Below, I can clearly see that removing the junior racquets significantly reduces the percentage of NA values in the spec columns. This na table also confirms the duplication issues discussed above. 

In [16]:
# Create a df showing the number of NA values per column, their percentage NA, 
# and their percentage NA when the junior rackets are removed from the data

na_vals = pd.Series(examine_jr_df.isna().sum(), name = "nas").to_frame()
na_vals["perc_nas"] = ((na_vals["nas"]/len(examine_jr_df)) * 100).round(2)
na_vals["perc_nas_junior_removed"] = (((
    examine_jr_df[~examine_jr_df["racquet_name"].str.contains("Junior")].isna().sum()
    )/len(
        examine_jr_df[~examine_jr_df["racquet_name"].str.contains("Junior")]
        )) * 100).round(2)

na_vals.sort_values(by = "perc_nas", ascending = True)

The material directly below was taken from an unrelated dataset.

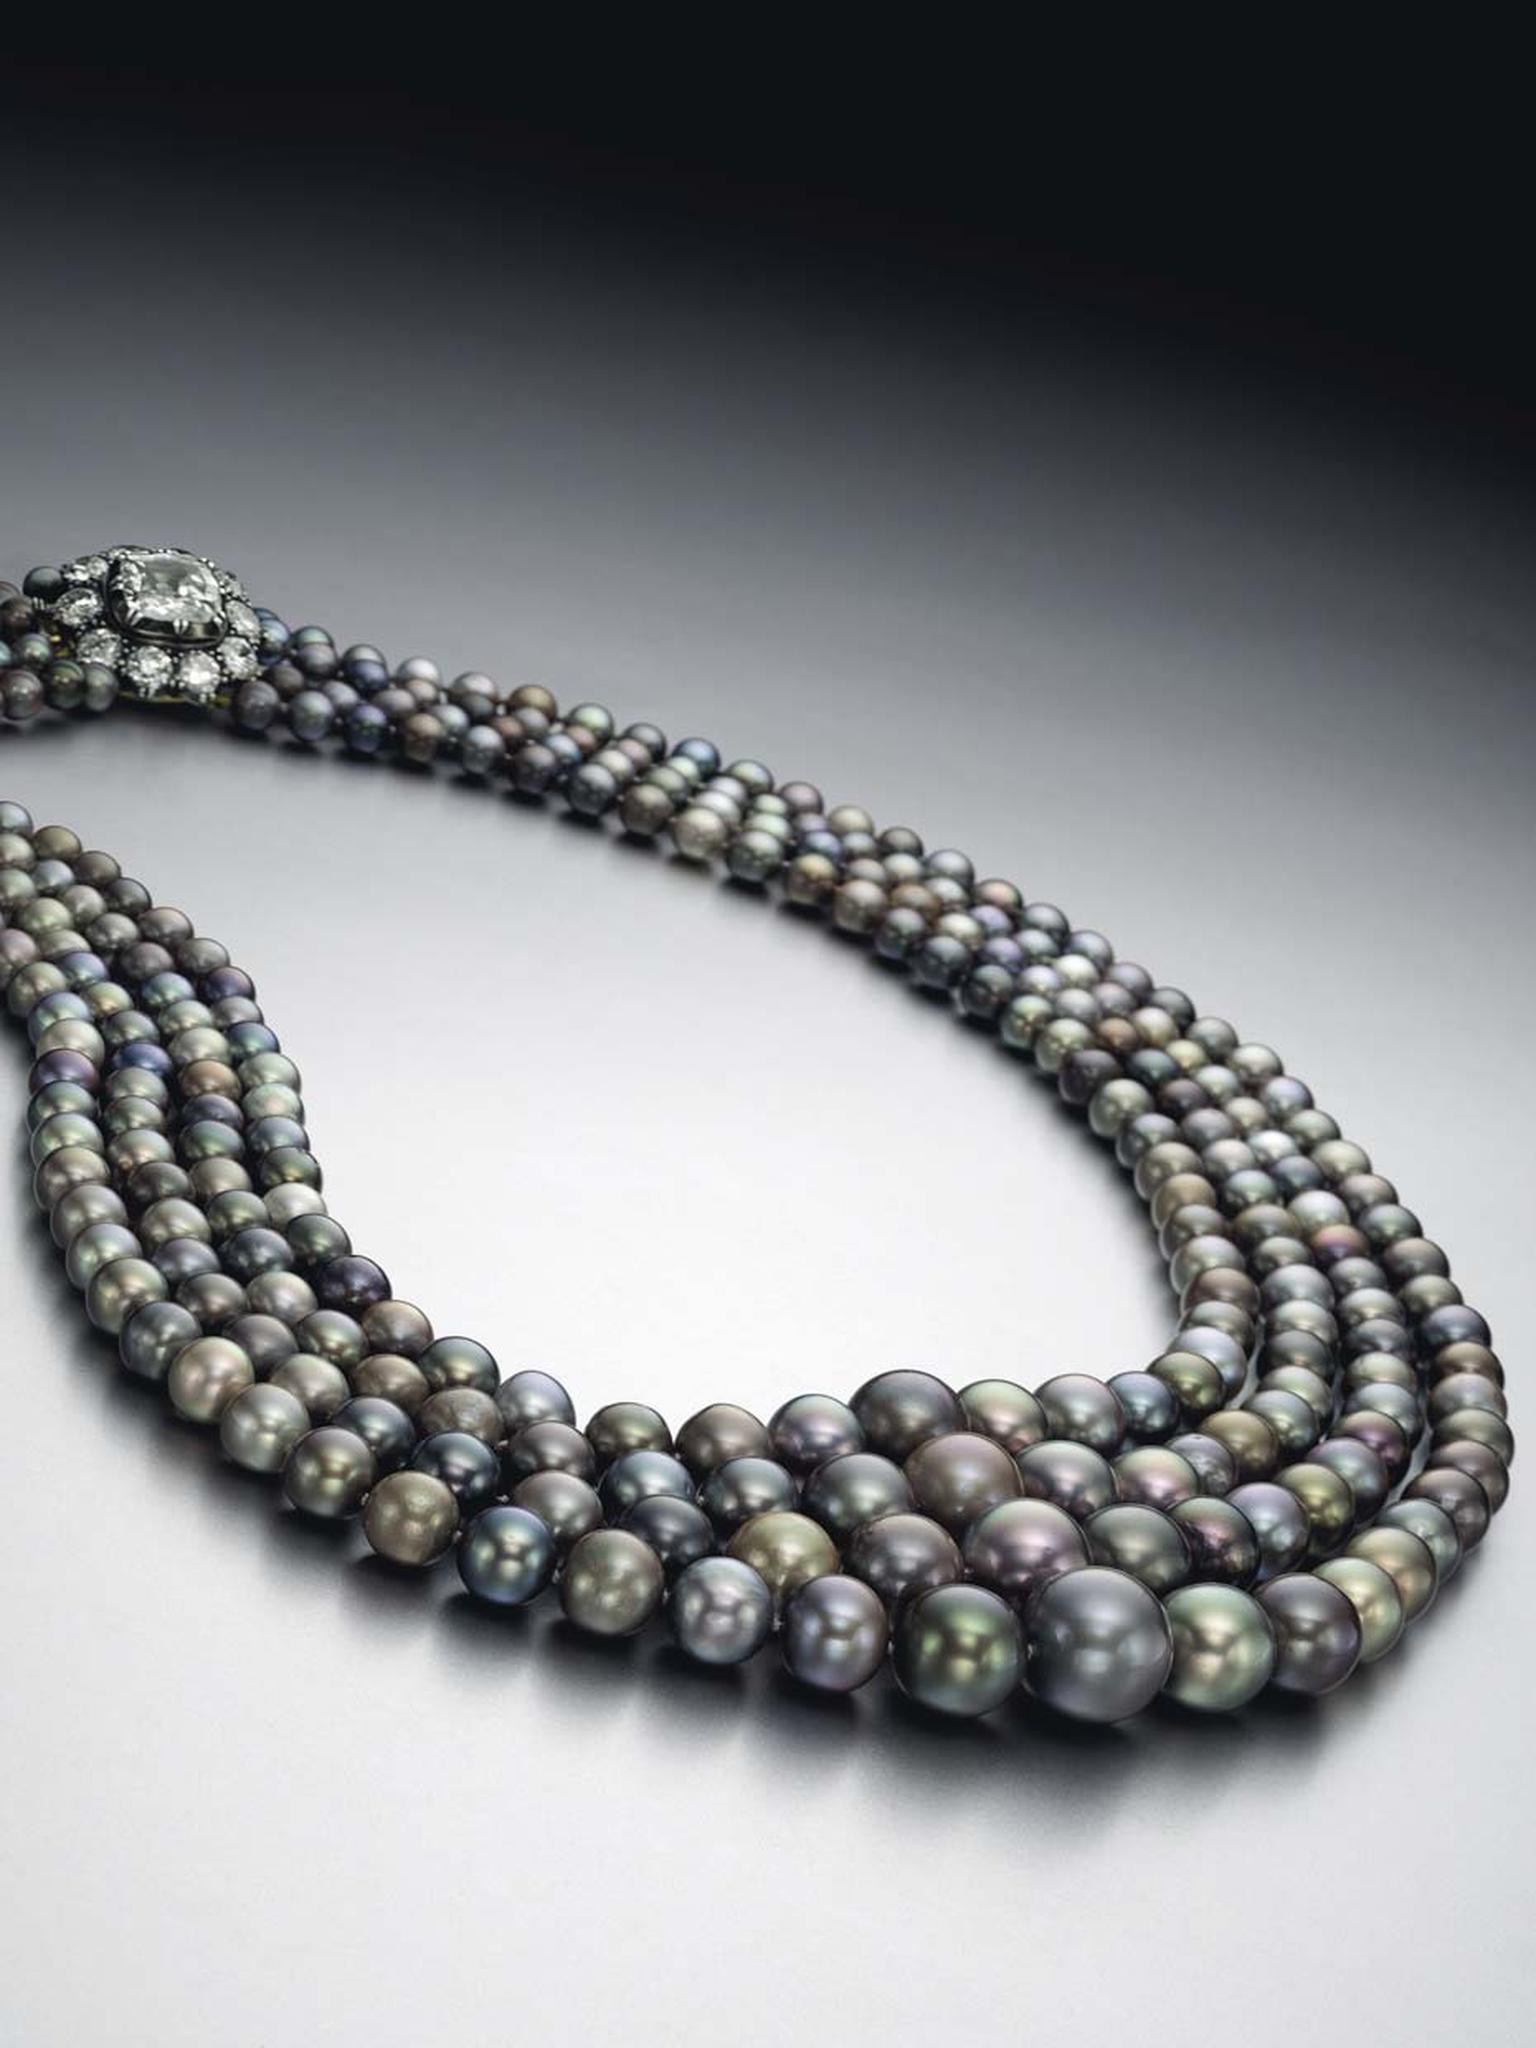 This four-strand natural pearl necklace, set with colored saltwater gems, set a new world record for a coloured pearl necklace , when it sold for just over $5 million at Christie's Magnificent Jewels sale in New York on April 14.

Unnamed: 0,nas,perc_nas,perc_nas_junior_removed
racquet_img,0,0.0,0.0
racquet_desc,0,0.0,0.0
racquet_price,0,0.0,0.0
Junior,0,0.0,0.0
racquet_name,0,0.0,0.0
Head Size,29,7.44,3.74
Length,29,7.44,3.74
Composition,30,7.69,4.05
Racquet Colors,39,10.0,4.05
racquet_rating,53,13.59,1.56


## Takeaways and next steps

1. Get rid of all junior racquets from df

2. Drop all duplicated columns

3. Add a racquet_brand column by extracting the brand name from racquet_name

4. Convert the following columns from object to float or int using regex or str logic:
    - Head Size
    - Length
    - Strung Weight
    - Balance
        - Create two columns: racquet_balance_in and racquet_balance_HH_HL
    - Stiffness
    - Beam width
    - String Pattern
        - Create two columns: racquet_mains and racquet_crosses
    - String Tension
        - Create two columns: racquet_tension_lower and racquet_tension_upper

Overall, the scraper did a decent job for it being the first one I've ever made! For some reason, the spec columns got duplicated. My best guess is that there was some discrepancies in how they were labelled in the html. There are junior racquets present in the data, which aren't relevant and there are several columns that need to be processed into a different data type. 

Since the preprocessing required to fix these errors is relatively minimal, I've decided to use the scraper as-is and just quickly performing the basic preprocessing on the data afterwards.